Kate burrowed into the pillow and wound herself in the cotton blanket she’d brought from home. Francie was notorious for her lack of housekeeping skills and she was not set up for guests, even though Lillian had continually tried to train her to some notion of hospitality. Kate missed her own bed and the relative spaciousness of her own small house. But being there at Francie’s place made her feel closer to Lillian, and with Francie in her own room, she gave in to her own tears. She couldn’t shake the feeling that she was responsible for Lillian’s death, that if she’d never gotten Lillian involved in her problem with Isabella Moon, Lillian would still be alive.

Above the couch, a breeze through the open window brought in the scent of a mock orange tree, reminding her that even with all the death surrounding her, spring was arriving. There were voices, too, of people coming out of The Right Note, a few blocks away.
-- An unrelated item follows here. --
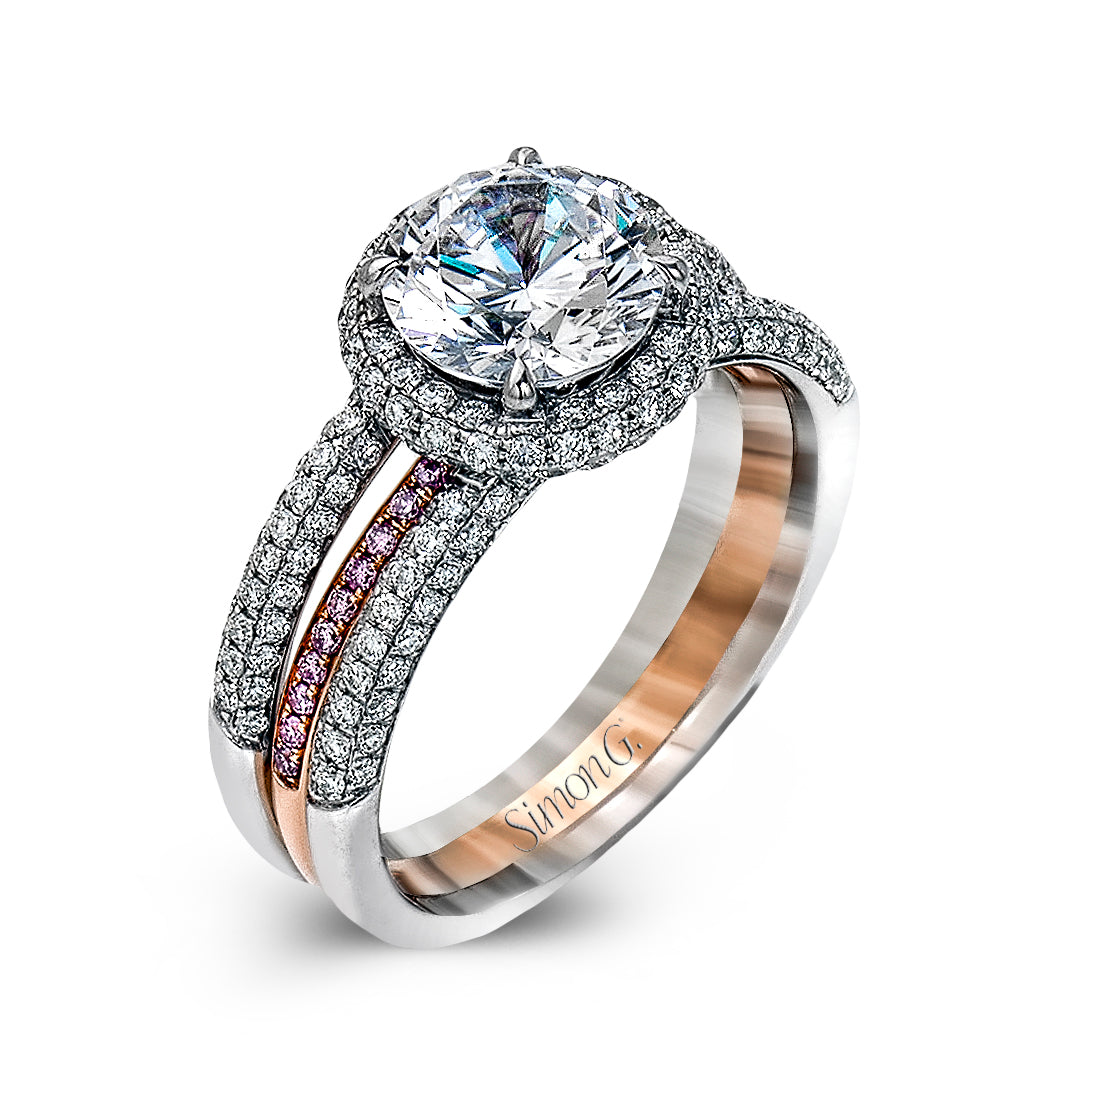 Simon G 18K White and Rose Gold Diamond Engagement Ring

Life was going on.

Hearing them, she thought of Caleb, who liked to go there when a rockabilly band came through town. He would be home Friday, Saturday at the latest. What she would tell him about everything that had happened, she didn’t know.

Finally, long after Francie’s sobs abated, Kate fell into a restless sleep.

 

As though by some unspoken agreement, Margaret and Bill made their way, exhausted, to a fallen log at the edge of the clearing, far away from the ragged circle of earth they had exposed in the course of the last two hours. Most of the mounds of leaves were gone, hauled to one side and dumped from the wheelbarrow.

“It’s not as muddy as I thought it would be,” Margaret said. “But Lord, I’m filthy.”

Bill leaned close to her and kissed her cheek. “Even in the dark you’re the best looking woman in town,” he said.

They passed the can of nuts back and forth and shared a single bottle of water.

“Careful,” Margaret said. “Those things have about fifteen grams of fat in a serving.”